The integration of traits in the process of converting an elite variety by using backcross breeding and MAS needs minimizing the residual non-recurrent parent germplasm (i.e., linkage drag) at the chromosomal proximity of the QTL or candidate gene (Peng et al. 2014). Linkage drag can be reduced with flanking markers as closely linked to the introgressed gene as possible (Hospital 2001). Thus, as a result of association analysis, the 209-bp alleles from the closest marker STS p2526 probe (almost 2000 bp apart) significantly associated with HOAC can be useful to select for and against linkage drag distal to DGAT1-2, depending on donors, during conversion of low oleic acid content inbred lines. In addition, the SSR umc1105 distal to DGAT1-2 (Yang et al. 2010), not included in this study, seems to be the preferable flanking marker to select against the donor fragment at that position. The fact that the FFS allele of DGAT1-2 was consistently associated with increased HOAC across the GLM and MLM models and that markers flanking QTLs oleic6-1, oleic6-2, and oleic6-3 (Yang et al. 2010) were not associated with HOAC in collection A indicate that DGAT1-2 would be the only responsible for the phenotypic variation observed. However, preliminary work on the conversion of inbred lines for HOAC demonstrated that the cosegregation of the F649 insertion from DGAT1-2 with favorable alleles from microsatellites nc09/umc1014 from HOAC inbred lines L1445 (128/125 bp) and 8.3525 (120/119 bp) (both from ACDS background) successfully increased the oleic content of BC1F2-derived lines up to 54–57.8% (Ruiz et al. 2010). Because the nc009/umc1014 locus flanks distal to a large chromosomal region with QTLs ole6-1 (Q8-umc1979-nc010) and ole6-2 (phi031/nc010-umc1105) in a 2,368,345-bp region delimited by the umc1105- phi031/nc010 interval (Yang et al. 2010), it is possible that DGAT1-2 with favorable alleles from QTLs ole6-1 and ole6-2 would be partially responsible for HOAC in collection A. In addition, further results of the weak but significant LD between and among markers flanking these QTLs observed in collection A indicate the shaping of linkage during the history of inbred line development.
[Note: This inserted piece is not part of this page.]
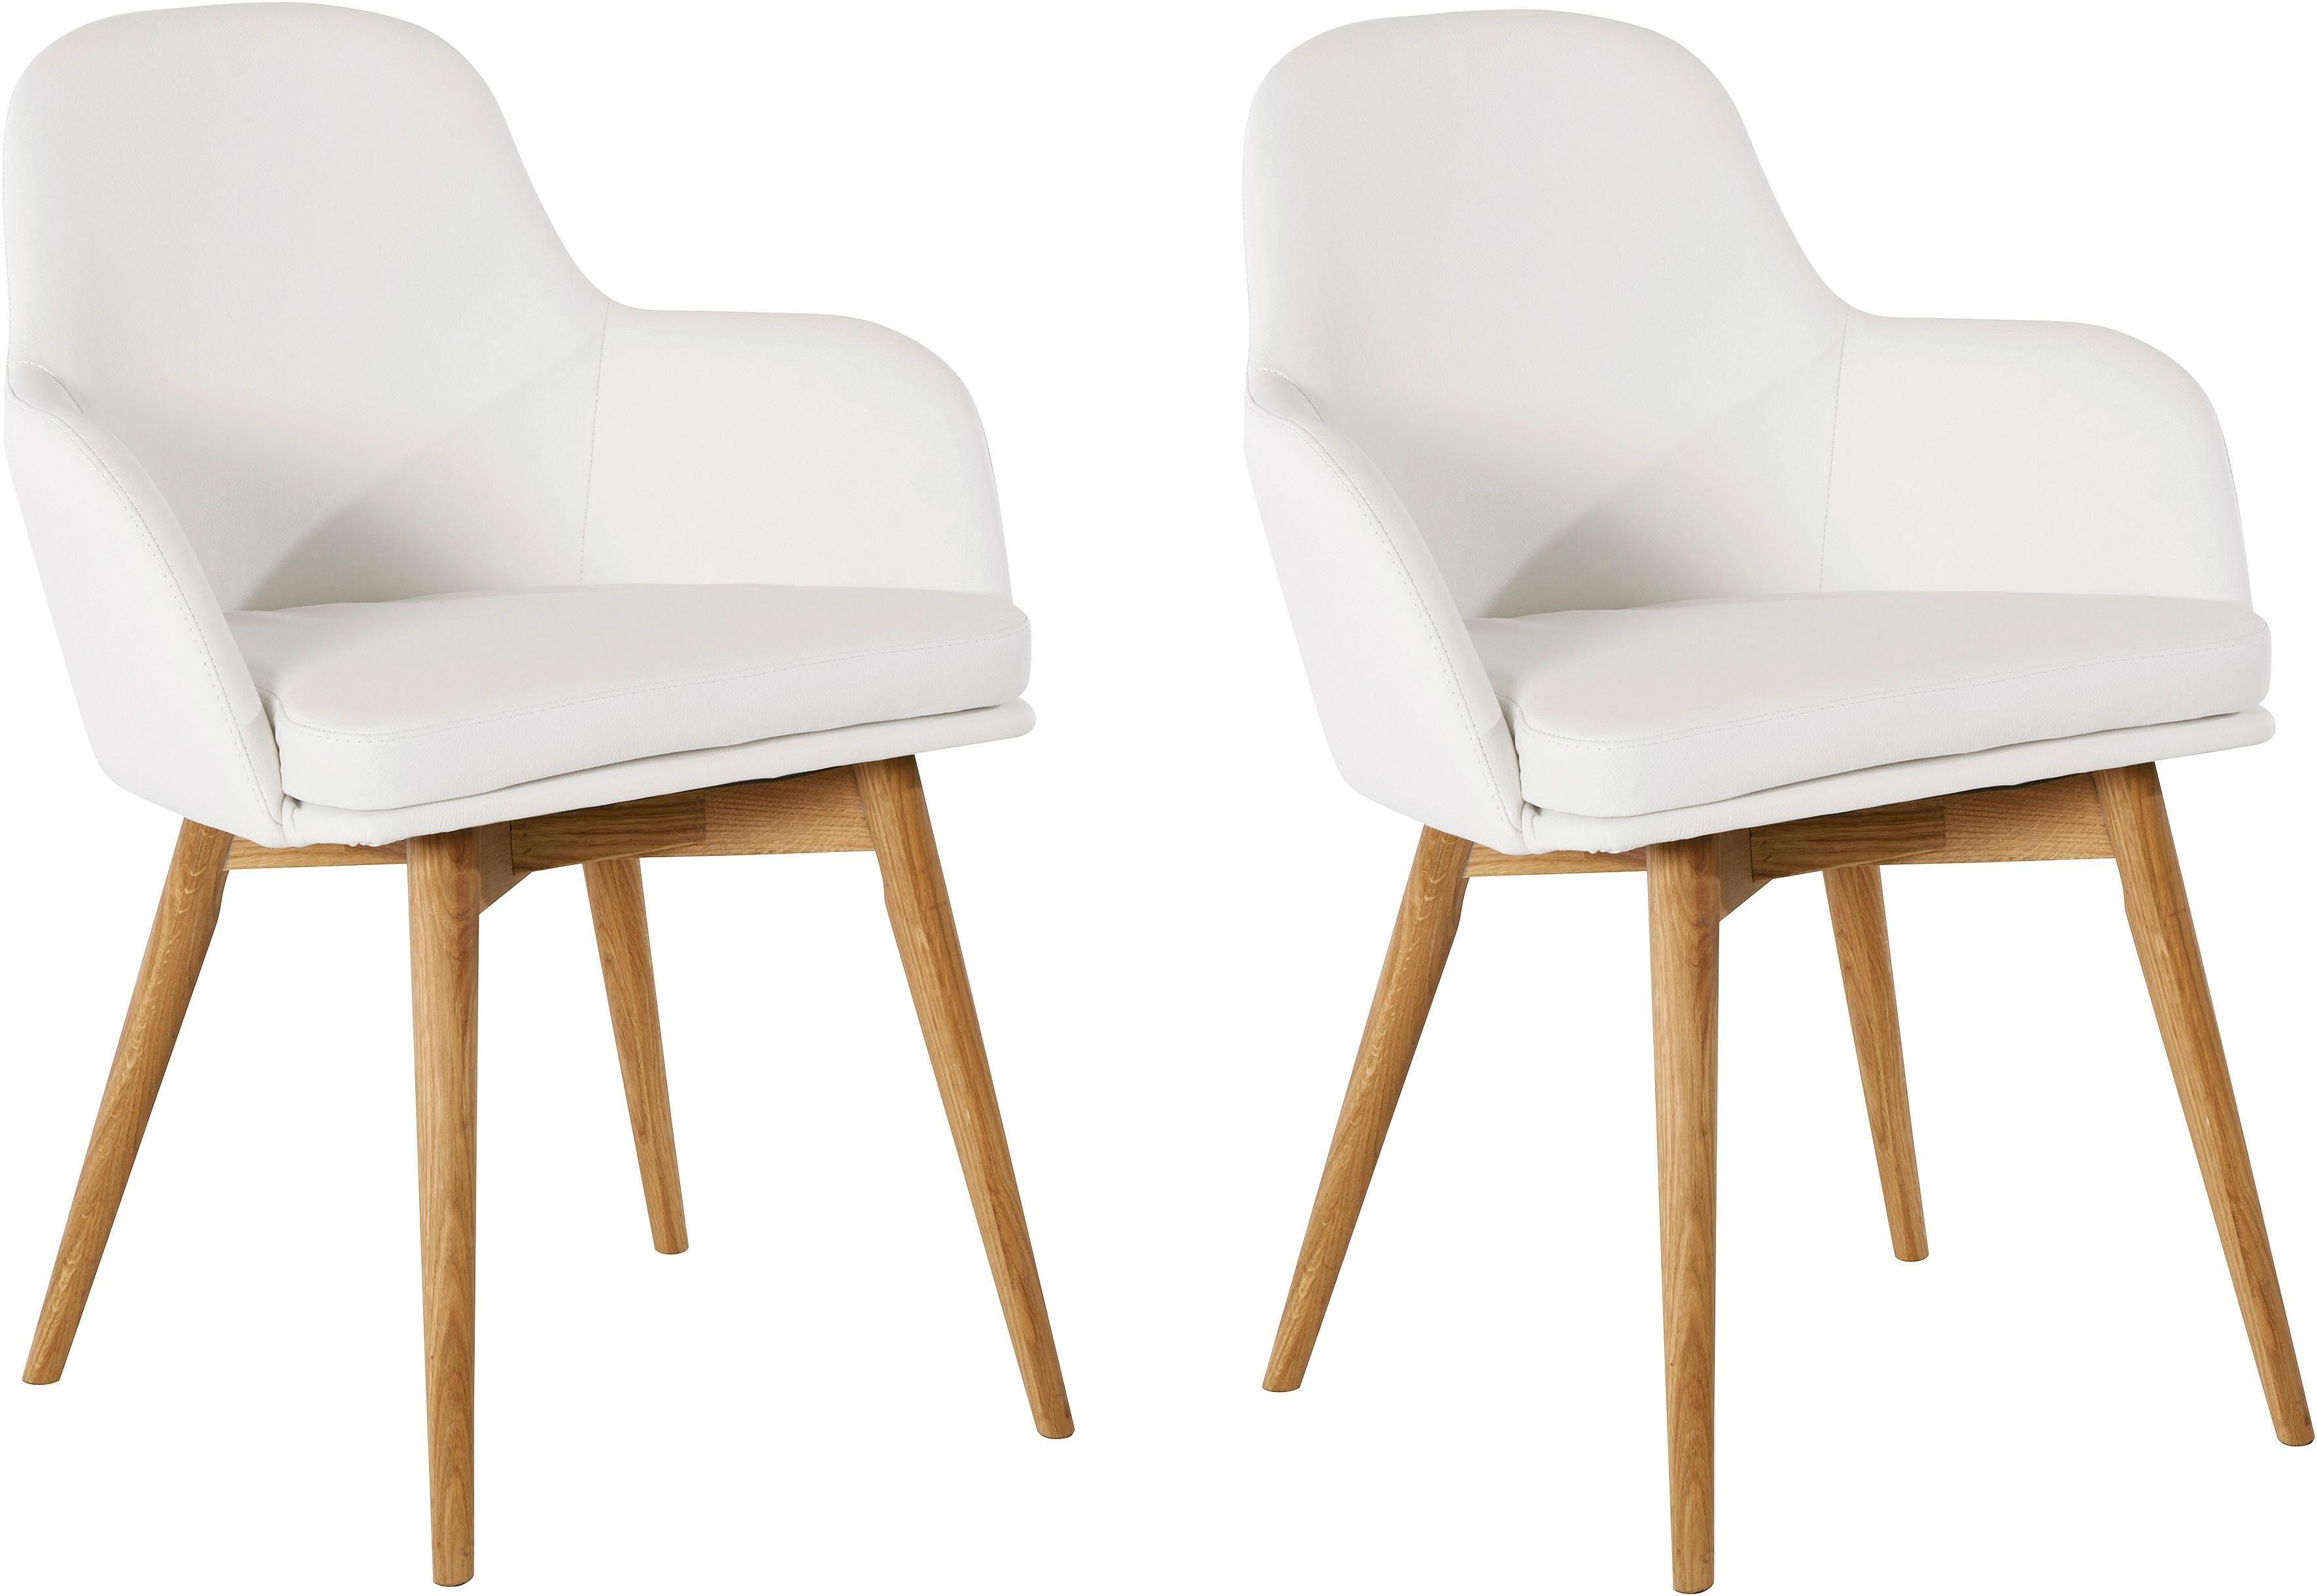 "WOHNIDEE-Kollektion Armlehnstuhl ""Malva"" Wohnen/Möbel/Stühle & Sitzbänke/Holzstühle"

Thus, despite the high availability of marker density and the size of the mapping population, no single mapping method ensures the detection at the genome wide level of all sources of favorable alleles for oil content and composition at chromosome 6 and other chromosomal regions (Beló et al. 2008). The fact that all Pioneer-derived lines from collection A (family LP299-2), except LP317, had values of oleic acid content below the general mean (34.2%) indicates that they would not be derived from the Pioneer HOAC PH1B5 and PH7DD (Beló et al. 2008). Thus, the incorporation of additional sources of HOAC will further increase diversity and provide more tools for precise QTL mapping and exploitation of different genetic sources for oleic acid improvement.

Conclusion

Our work provides new markers distal to DGAT1-2, useful for fine mapping and selecting against donor segments to avoid linkage drag during inbred line conversion. The high recombination rate observed near the QTL oleic6-3 (which colocalized with the other DGAT GRMZM2G130749) and the lack of linked markers with HOAC at this locus indicate the need to increase the marker density at this region to explore this source of variation for breeding purposes. The successful conversion for HOAC of BC1F2-derived lines up to 54–57.8% (Ruiz et al. 2010) with the DGAT1-2 PCR probe and nc009/umc1014 markers flanking the large QTL oleic6-1 and QTL oleic6-2 interval suggests that all contribute to the conversion for HOAC without linkage drag penalty. The clear association of HOAC with orange-red endosperm color and low-kernel weight and volume indicates the need to make further efforts to uncouple the linkage of HAOC with these traits to shape new elite maize lines with high oil and oleic acid contents and different kernel trait characteristics.